■ WHAT NEEDS TO BE DONE ■
Somewhere below, one line contains "Vektor cartoon Strichmännchen" and a later line contains "Hendriksen, T.G.A., bisschop". Output those two lines and everything between them exactly, and nothing else.

═══ SUPPLIED RECORDS ═══

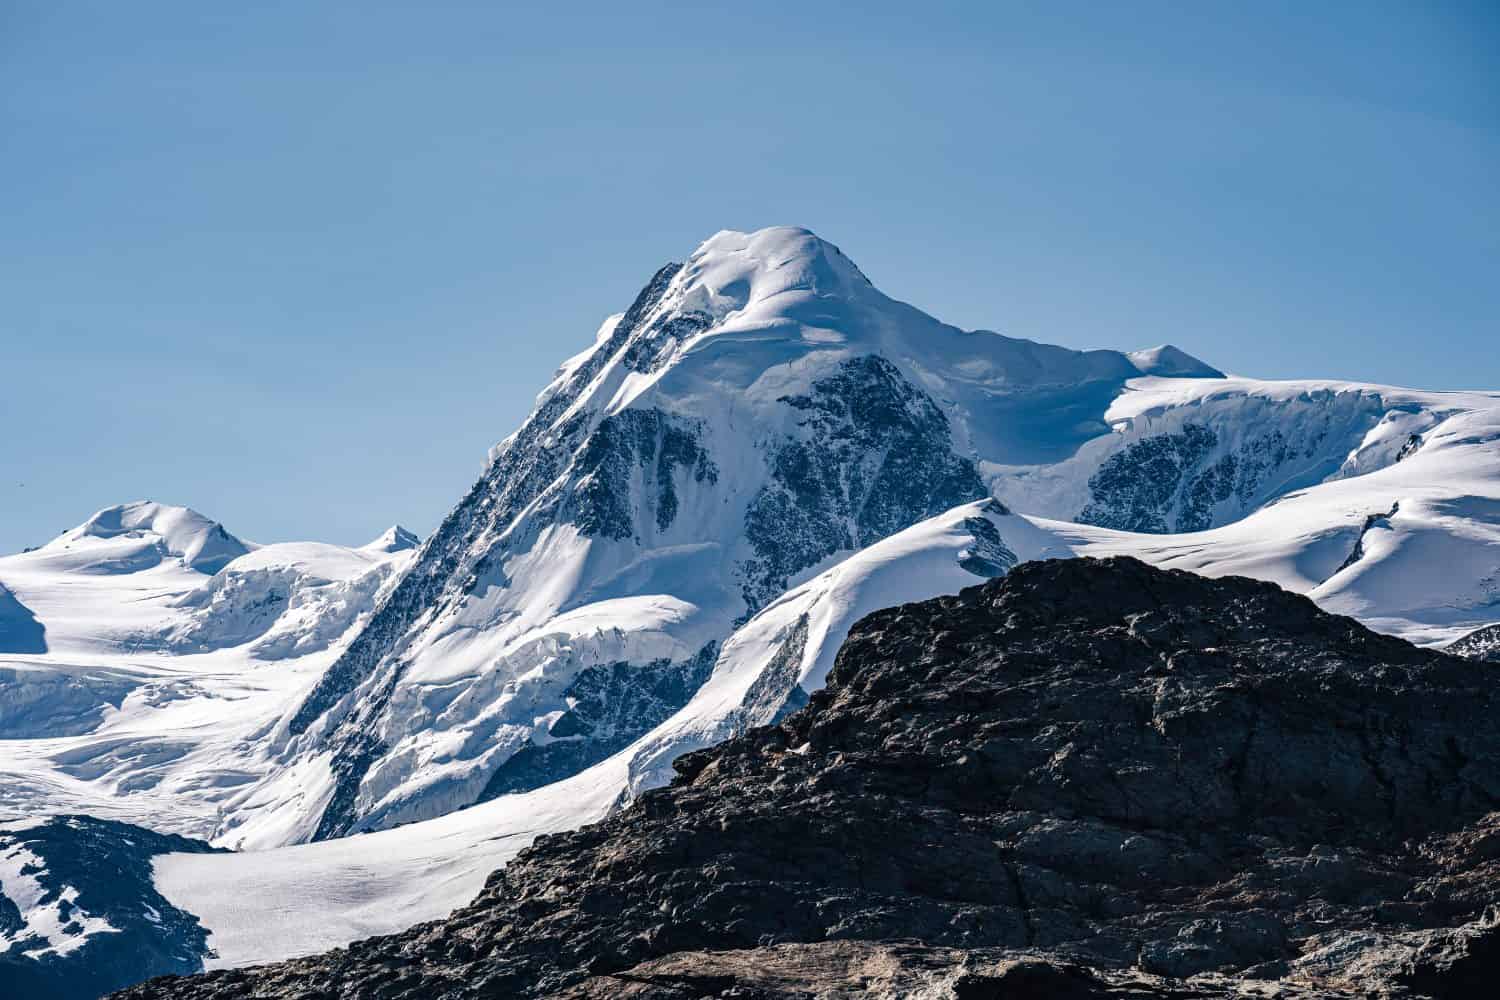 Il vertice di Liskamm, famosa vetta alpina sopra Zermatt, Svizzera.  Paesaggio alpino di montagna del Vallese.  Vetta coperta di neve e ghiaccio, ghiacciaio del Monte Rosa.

═══
═══ SUPPLIED RECORDS ═══

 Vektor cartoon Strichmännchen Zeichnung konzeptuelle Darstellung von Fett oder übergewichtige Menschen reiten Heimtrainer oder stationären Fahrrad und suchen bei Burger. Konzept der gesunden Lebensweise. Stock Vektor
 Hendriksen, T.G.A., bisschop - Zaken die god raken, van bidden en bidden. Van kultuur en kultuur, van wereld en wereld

═══
═══ SUPPLIED RECORDS ═══

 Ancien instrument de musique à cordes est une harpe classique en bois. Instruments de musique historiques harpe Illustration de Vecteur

═══

■ RESPONSE AREA ■
 Vektor cartoon Strichmännchen Zeichnung konzeptuelle Darstellung von Fett oder übergewichtige Menschen reiten Heimtrainer oder stationären Fahrrad und suchen bei Burger. Konzept der gesunden Lebensweise. Stock Vektor
 Hendriksen, T.G.A., bisschop - Zaken die god raken, van bidden en bidden. Van kultuur en kultuur, van wereld en wereld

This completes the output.